──────── Data in this exercise

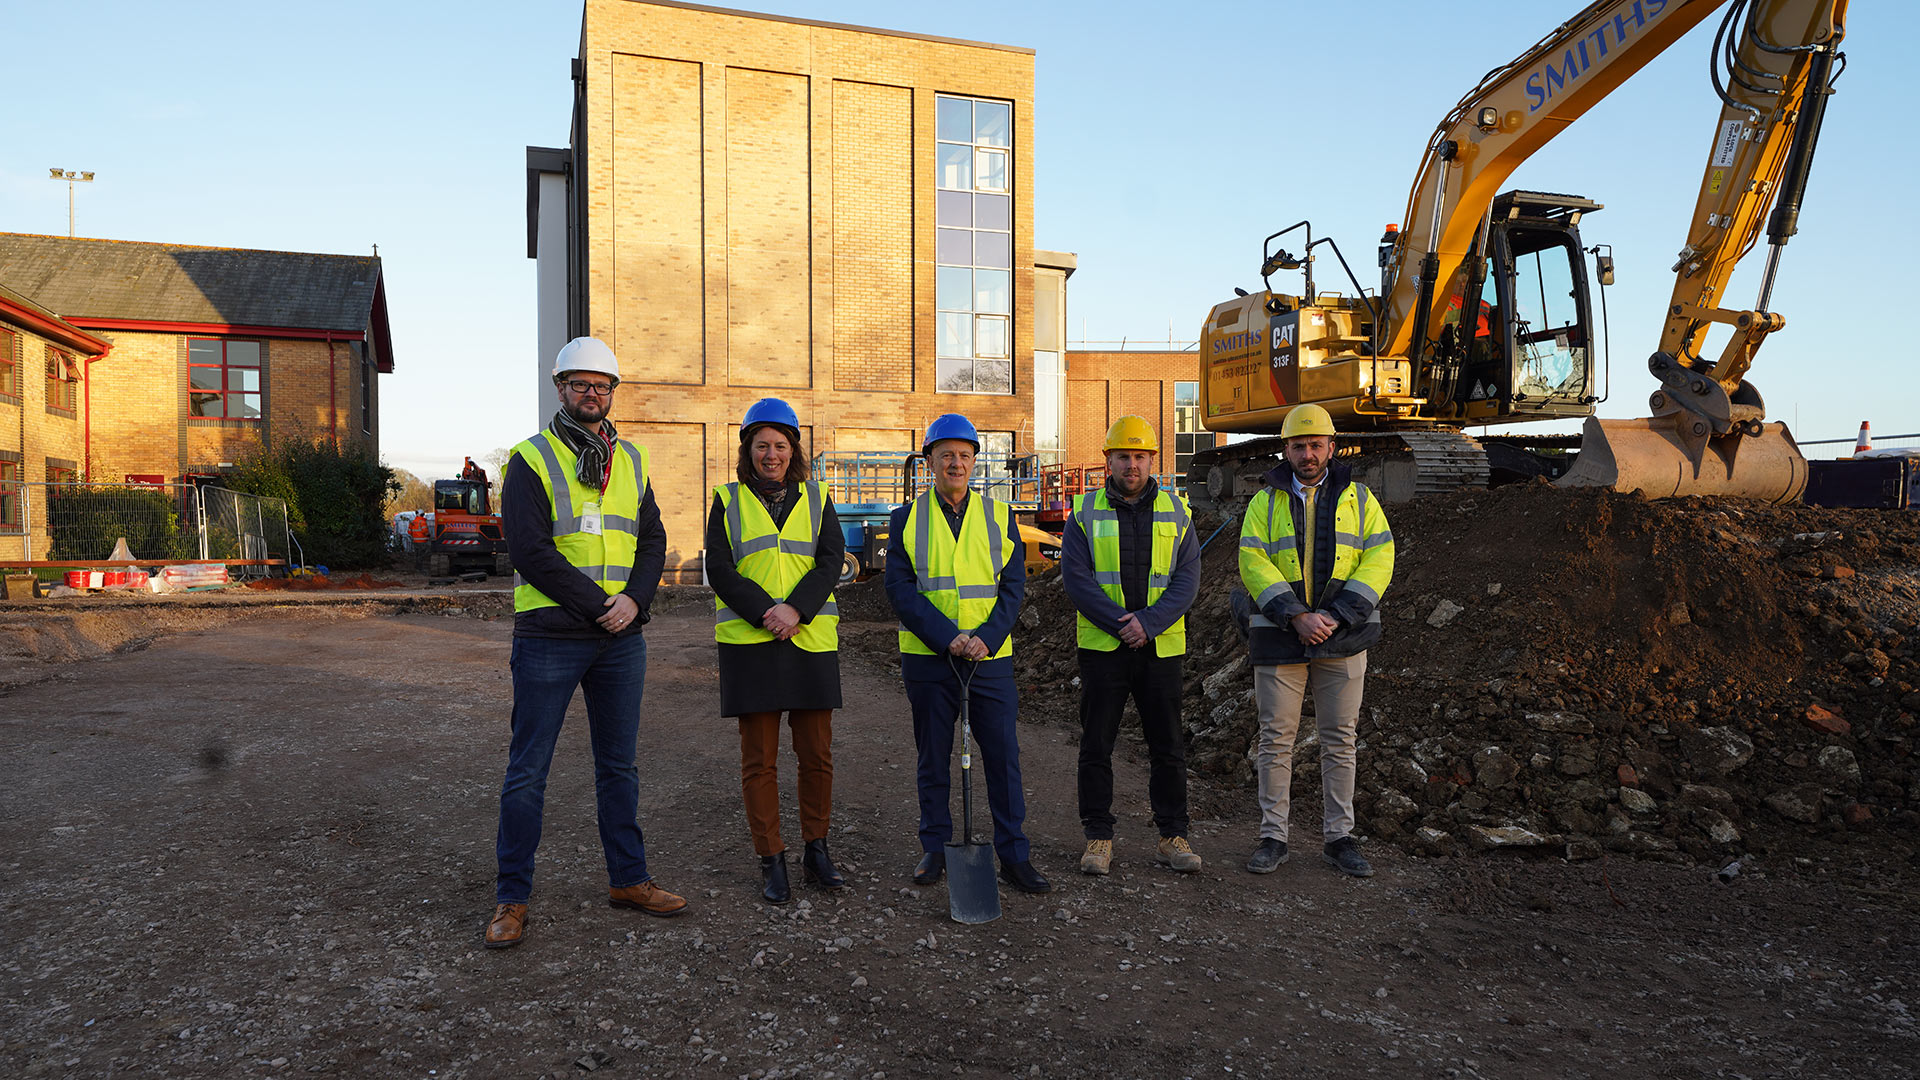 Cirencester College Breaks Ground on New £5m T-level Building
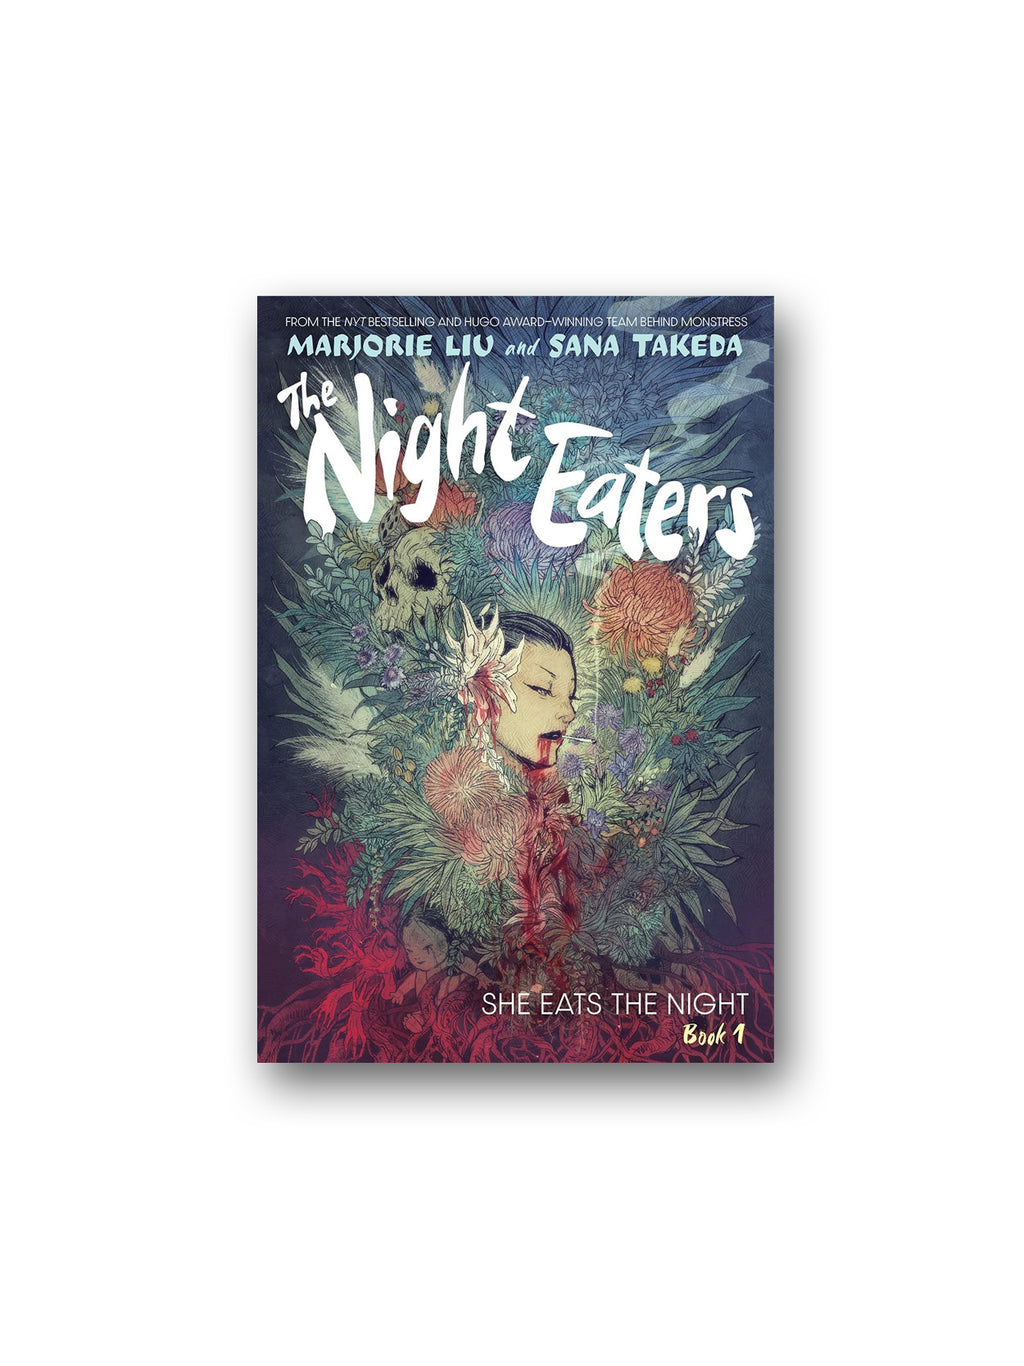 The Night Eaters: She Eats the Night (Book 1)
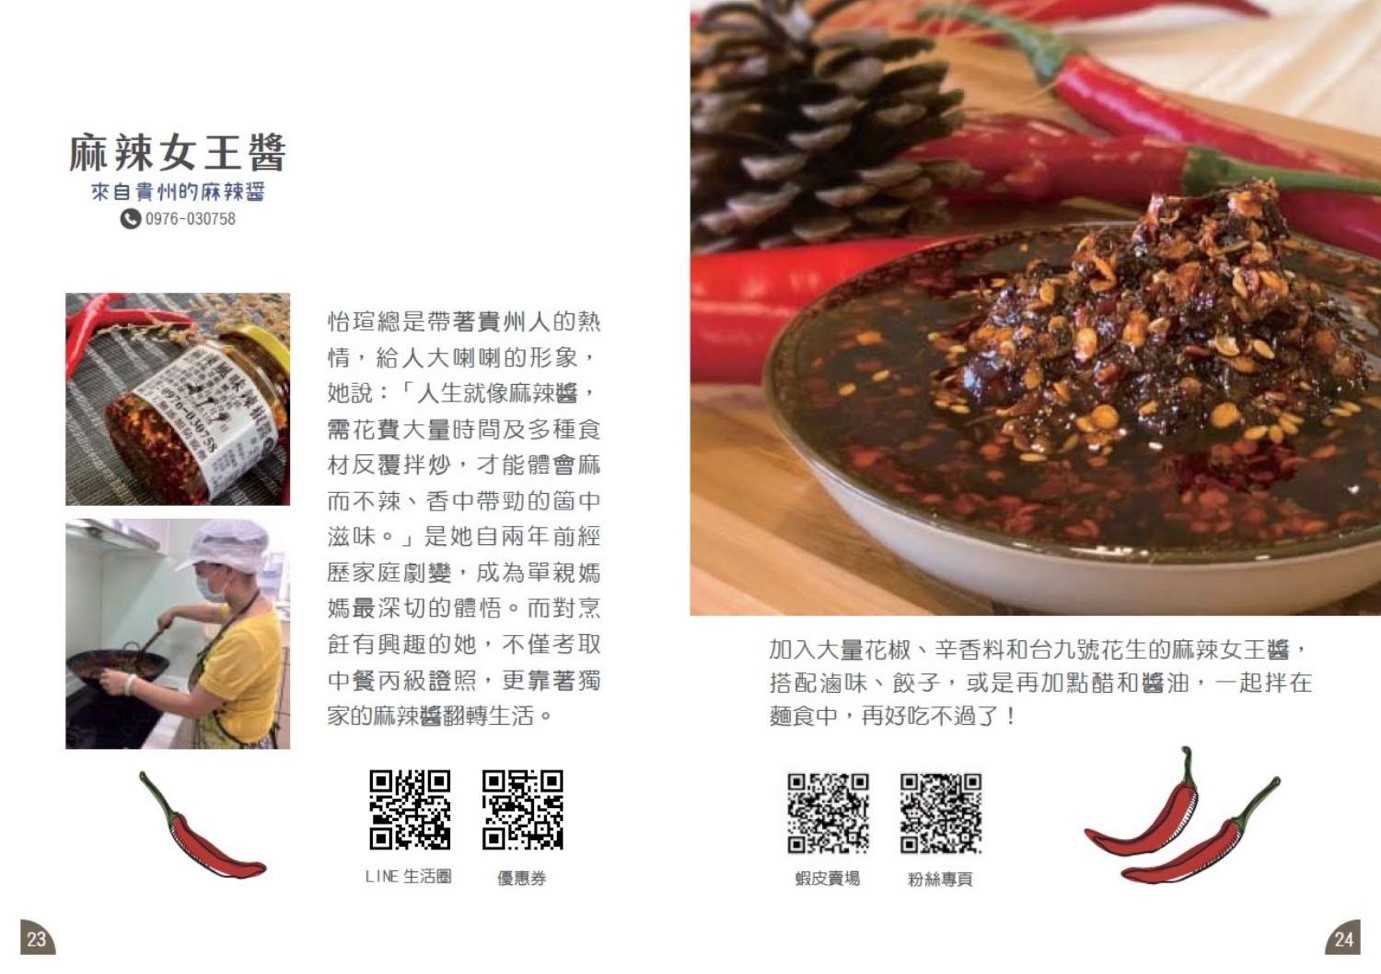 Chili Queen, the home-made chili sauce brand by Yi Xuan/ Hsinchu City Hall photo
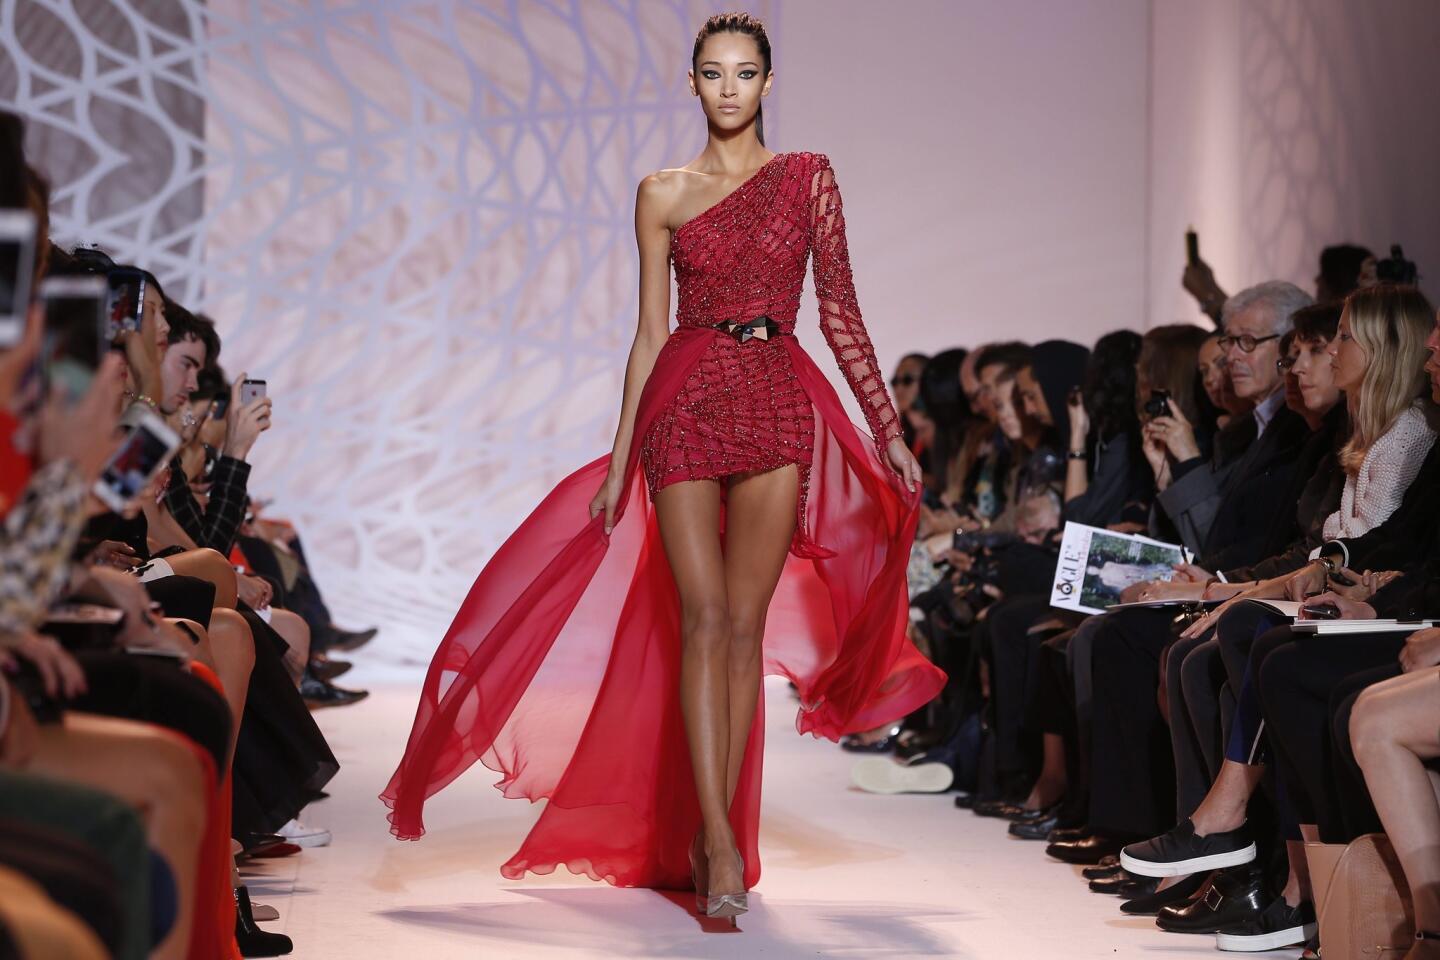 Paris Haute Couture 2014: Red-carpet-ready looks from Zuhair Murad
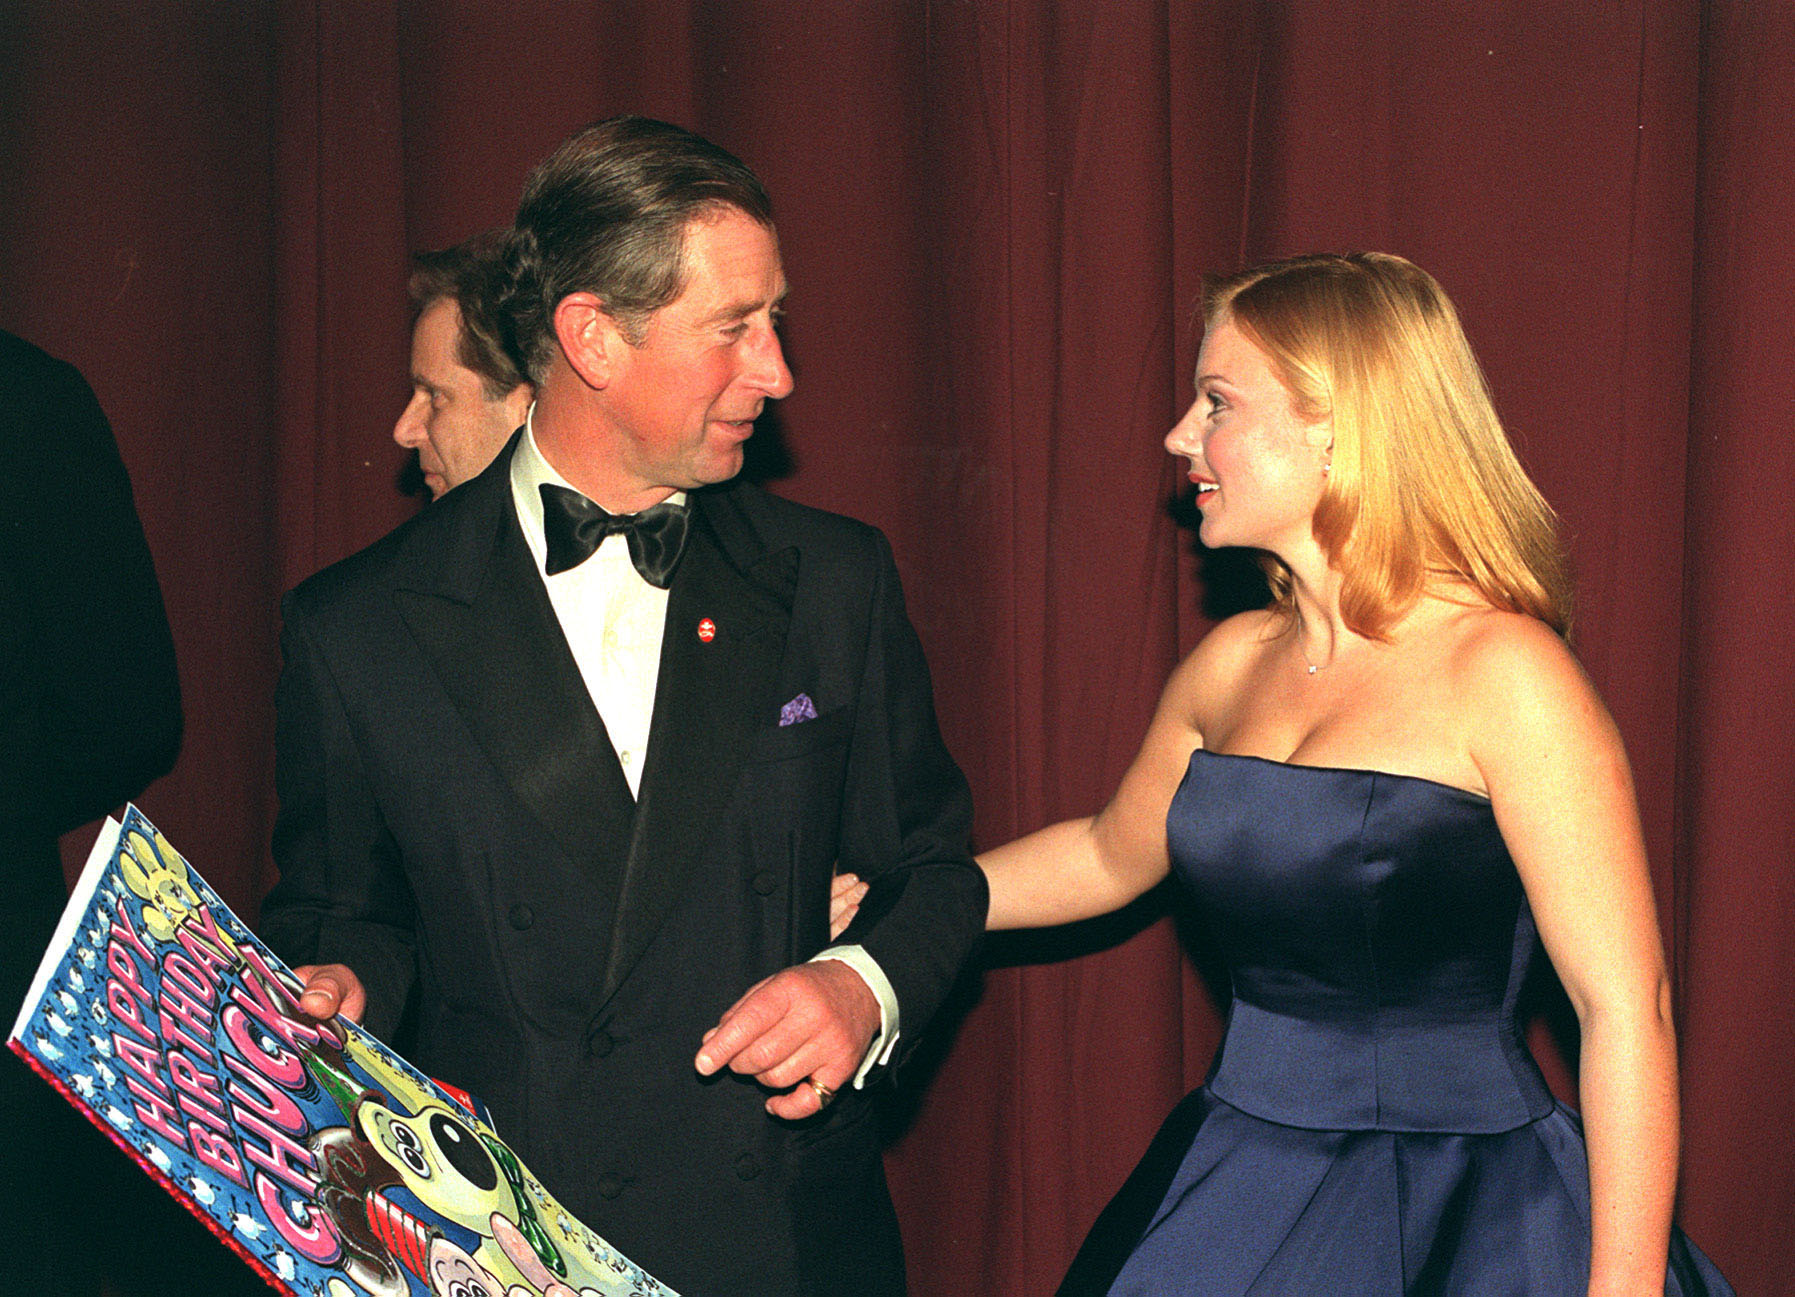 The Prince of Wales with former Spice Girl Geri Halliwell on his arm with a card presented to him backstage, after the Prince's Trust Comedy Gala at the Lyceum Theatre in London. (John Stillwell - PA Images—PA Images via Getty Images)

────────────────

Restate the data exactly, though only from the line that contains "Chili Queen, the" through its last line, both ends included and with the pictures left out.

 Chili Queen, the home-made chili sauce brand by Yi Xuan/ Hsinchu City Hall photo
 Paris Haute Couture 2014: Red-carpet-ready looks from Zuhair Murad
 The Prince of Wales with former Spice Girl Geri Halliwell on his arm with a card presented to him backstage, after the Prince's Trust Comedy Gala at the Lyceum Theatre in London. (John Stillwell - PA Images—PA Images via Getty Images)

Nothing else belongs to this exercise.